С бархатным смехом Бестужев придвинулся, мягко целуя улыбающиеся губы. Язык игриво скользнул по нижней, и веселье Кати тут же схлынуло, она подалась навстречу. А Саша дразняще и плавно откинулся назад, с необыкновенно изощренным удовольствием отмечая, что Смоль приподнялась, зачарованно потянулась следом, не желая разорвать мягкого поцелуя.

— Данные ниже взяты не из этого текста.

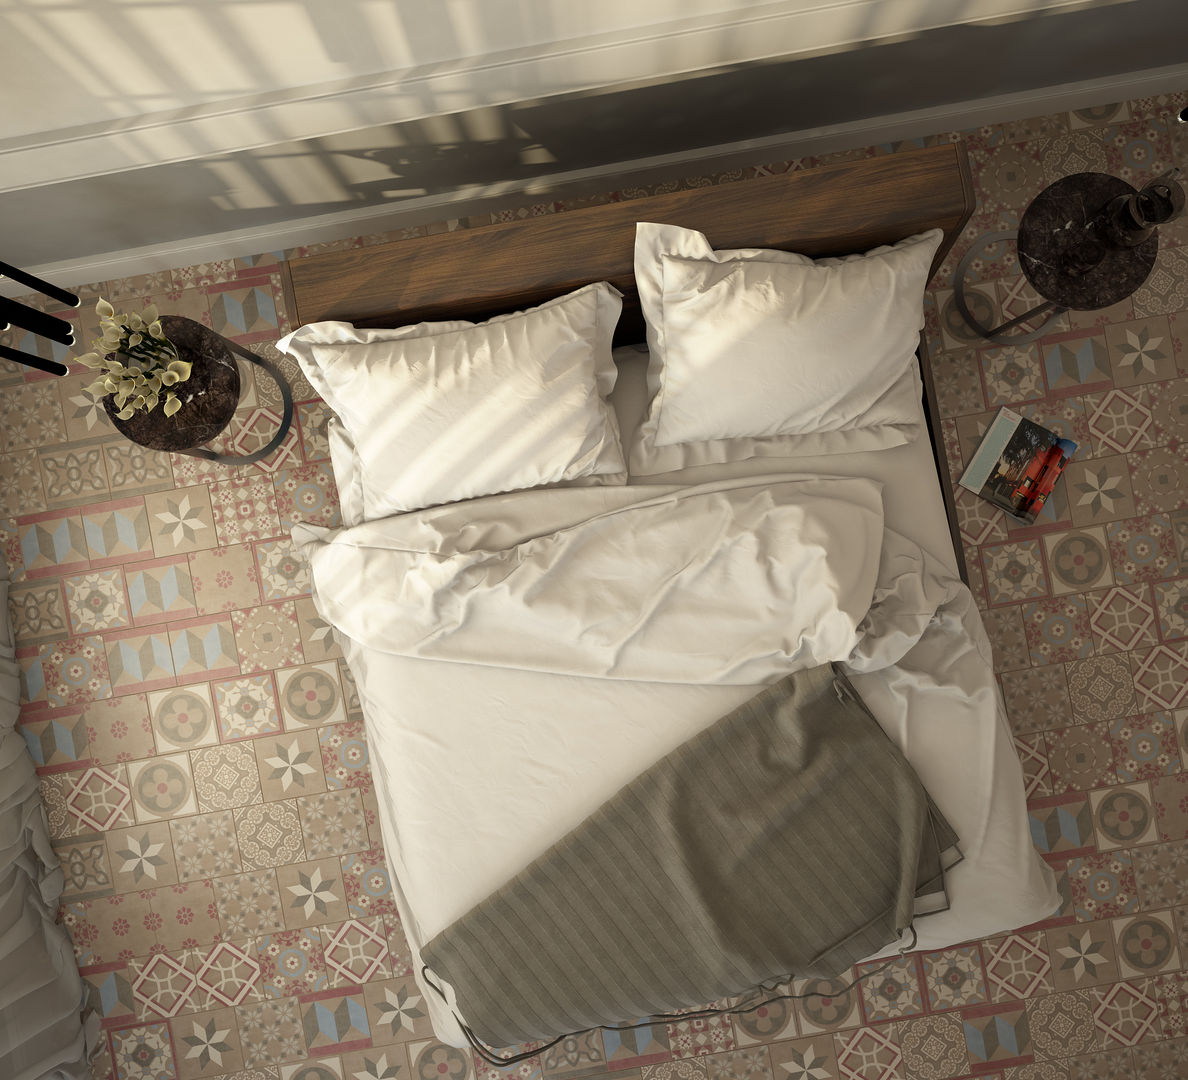 Catalogo Pirrera Cement, olivia Sciuto olivia Sciuto Modern Bedroom

Потому что это острая необходимость. Такая жестокая нужда, что оторвись они друг от друга… больно станет физически. Зависимость. Правильная, какая и должна быть. Это желание быть друг с другом, становиться единым целым, забывать о существовании мира вокруг – лучшее за всю его чертовски невыразительную и поверхностную жизнь. То, ради чего можно шагать в пекло. То, за что он готов умирать снова и снова.
Смоль уселась сверху, тонкие руки приобняли шею. Прижалась к нему грудью и плоским животом, словно льнущая к рукам кошка, требующая ласки. И эта откровенная жажда заставила его мягко рассмеяться в припухшие зацелованные губы:
– Блин, мне нужно чаще говорить о мужских слезах, похоже, это тебя заводит.

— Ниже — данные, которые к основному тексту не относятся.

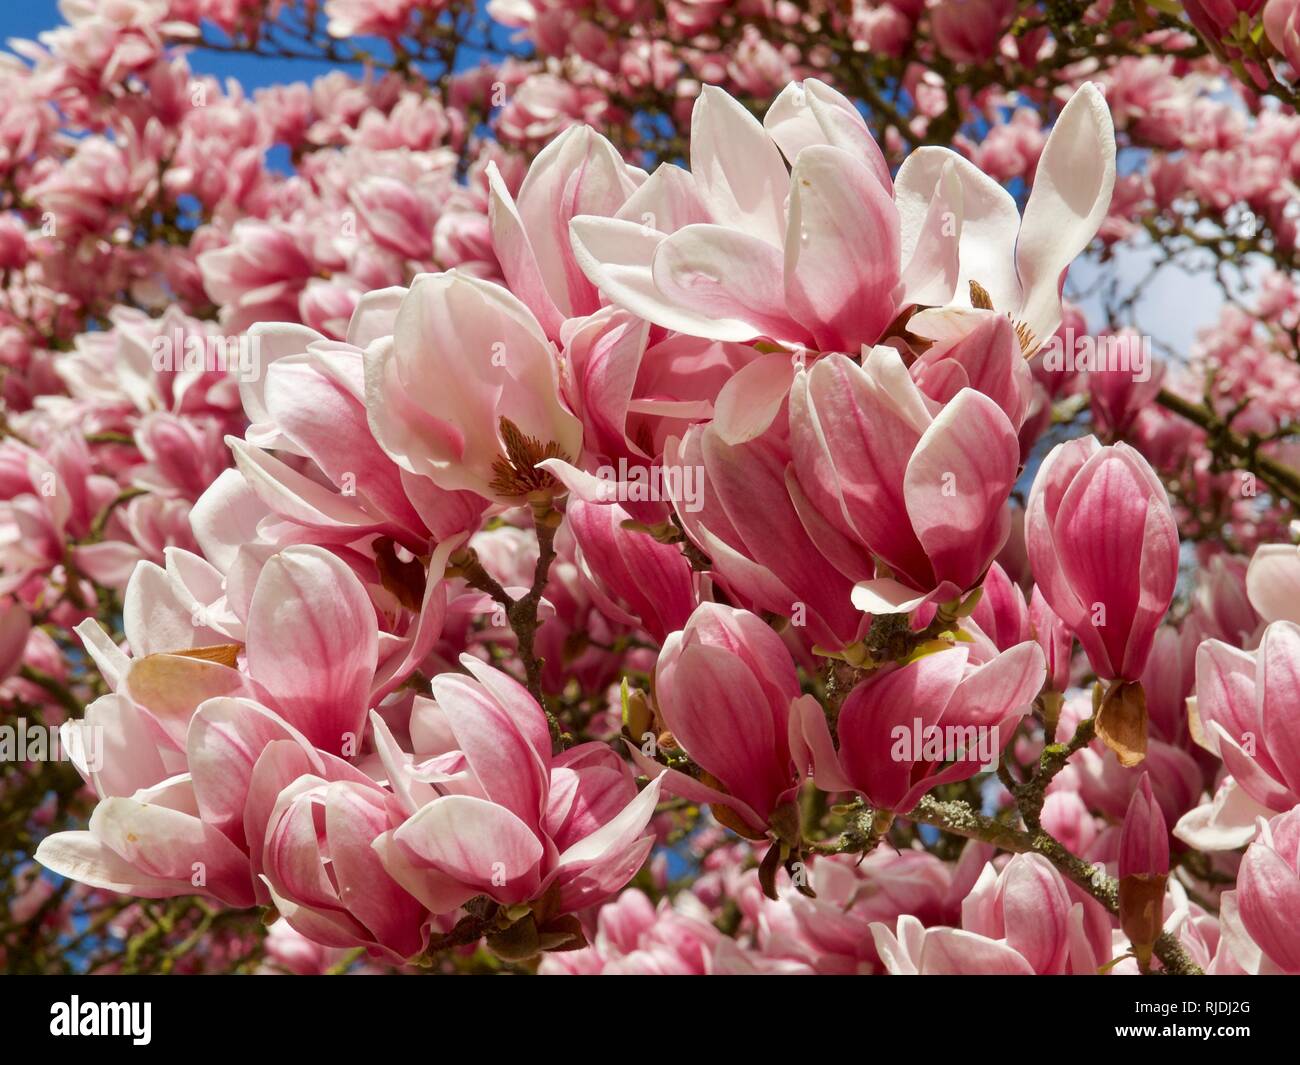 Big magnolia tree blooming full of pink magnolia blossoms Stock Photo

Усмехнувшись, Катя, дразня, прикусила кожу на линии подбородка, это словно пустило по телу ток и выбило его из собственной шкуры. С хриплым сухим вздохом он прикрыл глаза и судорожно сглотнул, наслаждаясь смелыми касаниями скользнувших под свитер горячих пальцев и губ, уводящих дорожки поцелуев куда-то за ухо. Когда Смоль неторопливо потянула его свитер вверх, заставляя приоткрыть затуманенные желанием глаза, Бестужев почти разлетелся на атомы. Хочет. Она жаждет их близости точно так же, как он, такая же одержимая.

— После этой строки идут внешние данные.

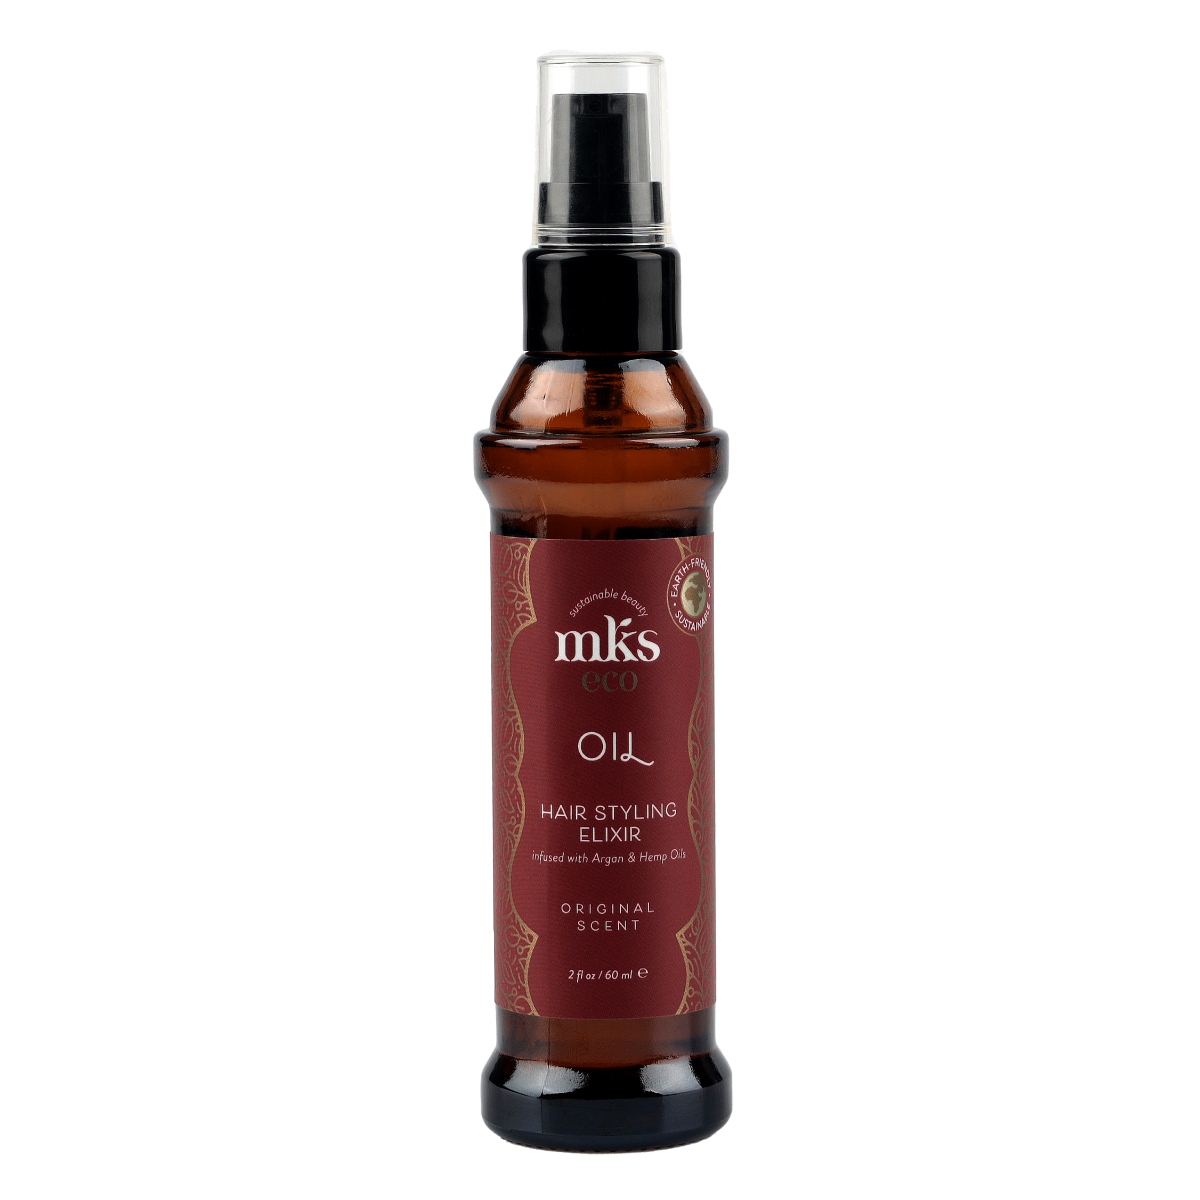 MKS eco Oil Hair Styling Elixir (2 oz, Original Scent)

Следом за свитером с печи полетела ее майка, взгляд Саши замер на ее обнаженной небольшой груди с ореолами розоватых сосков. Желание схватило за глотку, горячей волной толкнуло в пах. Самообладание рассыпалось ничтожным мелким крошевом, выдохнув ругательство, Бестужев торопливо подхватил Смоль под ягодицы, усаживая на себя. Потираясь, толкаясь вперед, ощущая, как ткань собственных спортивных штанов больно врезается в напряженный член. Катя прикрыла глаза, прижимаясь к нему плотнее, всхлипнула.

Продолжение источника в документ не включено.